Concerning the first implementation of our visual metaphor, we made several choices to make it relevant for gesture guidance with position as the only error criterion. First of all, the shape of EBAGG should represent a three dimensional space.

A sphere or cylinder would both fit to show directional errors, however we don’t need to pay attention to orientation since position is our only error criterion. A sphere can represent the three directions equally because of its central symmetry, so every point of its surface is at equal distance of the center.

Thus, we assume that a sphere, paired with the particles, is the simplest and best shape to differentiate every direction of motion so that spatial information can be easily understood by users.

Figure 2 illustrates this implementation. (a) The user is too far from the reference trajectory so the distance between the two performances is important. Therefore, the EBAGG metaphor displays many particles on the side of the error. (b) The user’s trajectory is now close to the reference one, hence there is less particles on the sphere. (c) Finally, the user’s trajectory is similar to the reference, so the feedback does not need to display any particle.

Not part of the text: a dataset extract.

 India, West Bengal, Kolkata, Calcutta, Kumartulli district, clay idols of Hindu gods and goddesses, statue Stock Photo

IV. EVALUATION OF ERROR REDUCTION

A. Participants

Twenty-two healthy participants, including five women and seventeen men, aged from 21 to 42 years old (mean: 25.3;

std dev: 4.6) took part in this experiment. Three of them were left-handed. They were people working in the laboratory or students at the university. None of them had ever used the EBAGG metaphor, nor any other error-based feedback modules before this experiment. Participants had normal or corrected-to-normal vision.

Figure 2. EBAGG metaphor’s behaviour according to the distance between a user’s performance and the reference performance. The reference trajectory is represented in black, the user’s trajectory in blue and the distance between the two sequences is in red.

B. Setup and Stimuli

The experiment took place in a room equipped with motion capture cameras. There were five OptiTrack Prime 13W cameras, with an adjustable frequency between 30 fps (frames per second) and 240 fps. For this experiment, they were sampling at 120Hz, for a latency of 8ms. These cameras have had ten LEDs emitting infrared beams reflecting on mocap makers placed on the tracked tool. Thus, they were tracked by the cameras that were sending their positions to the virtual environment through Motive, the OptiTrack software.

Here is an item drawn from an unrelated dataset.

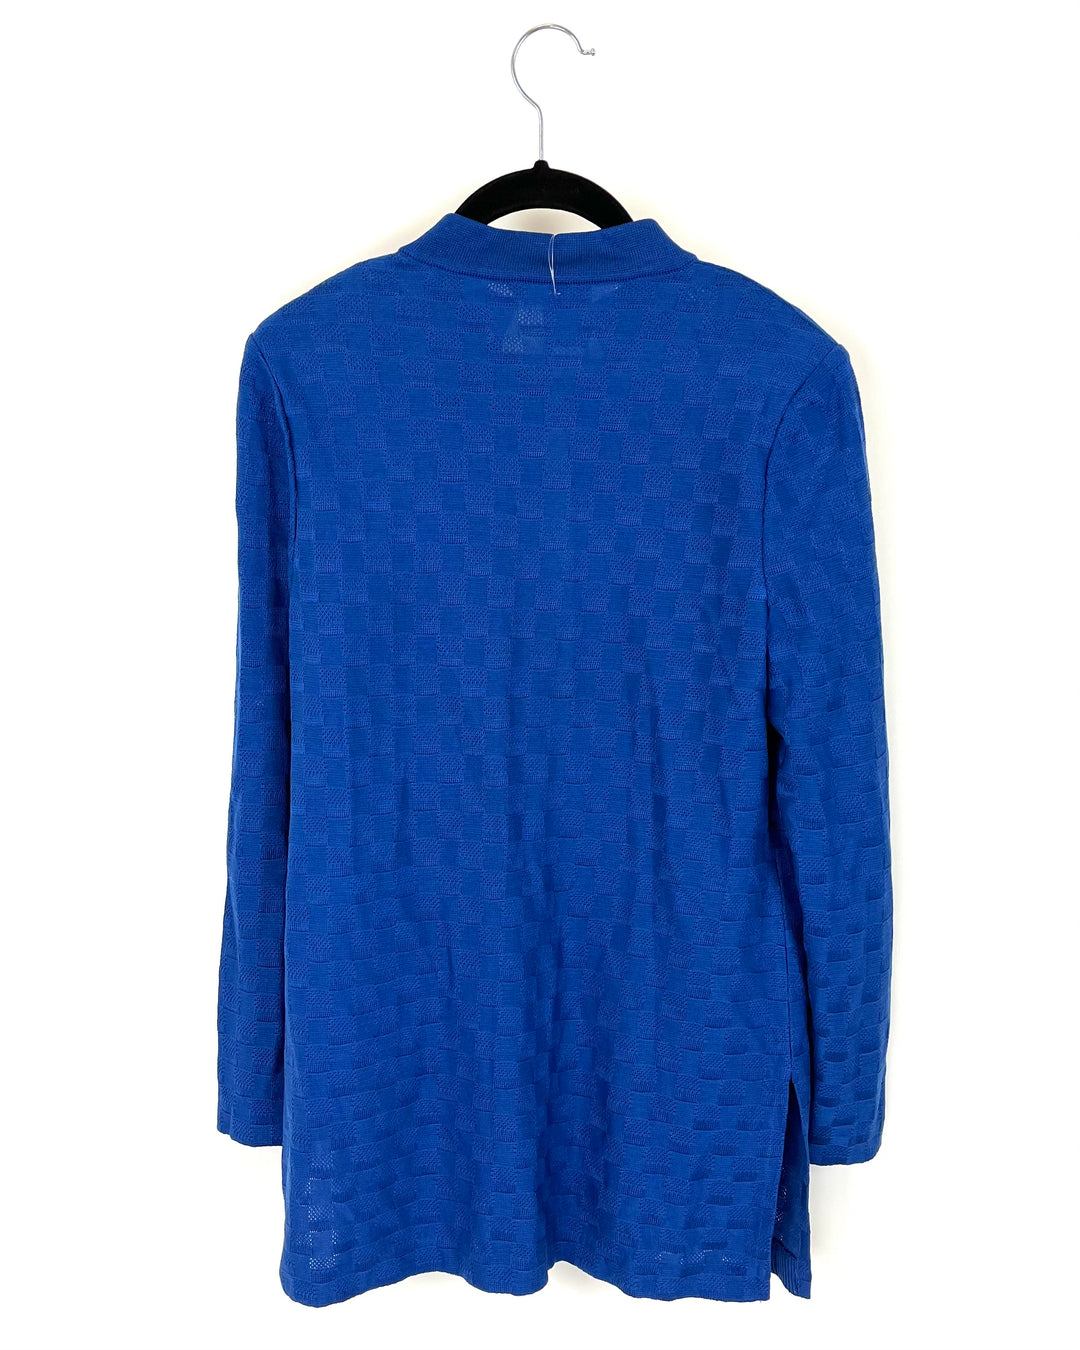 Dark Blue Knit Cardigan - Size 2-4

As we can see on figure 1, the stereoscopic display of a factory containing a mold was done on a wall by using the ultra short throw projector Optoma EH319USTi, paired with active 3D glasses Volfoni EDGE RF. Subjects were standing still equipped with the 3D glasses approximately 150 cm. in front of the display. The stimuli used to modulate participants gesture in this experiment was the sphere aforementioned as the EBAGG metaphor.

C. Experimental design and Task

Participants had to perform two technical gestures with a compressed-air blower in front of a virtual mold displayed on the wall. They had to pass through a specific trajectory and not to be too close or too far from the mold to have an efficient blowing.

a) Gesture 1: The first gesture was a straight line in three dimensions. The difficulty here was to go from one point to another by moving on a single dimension in the three dimensional space.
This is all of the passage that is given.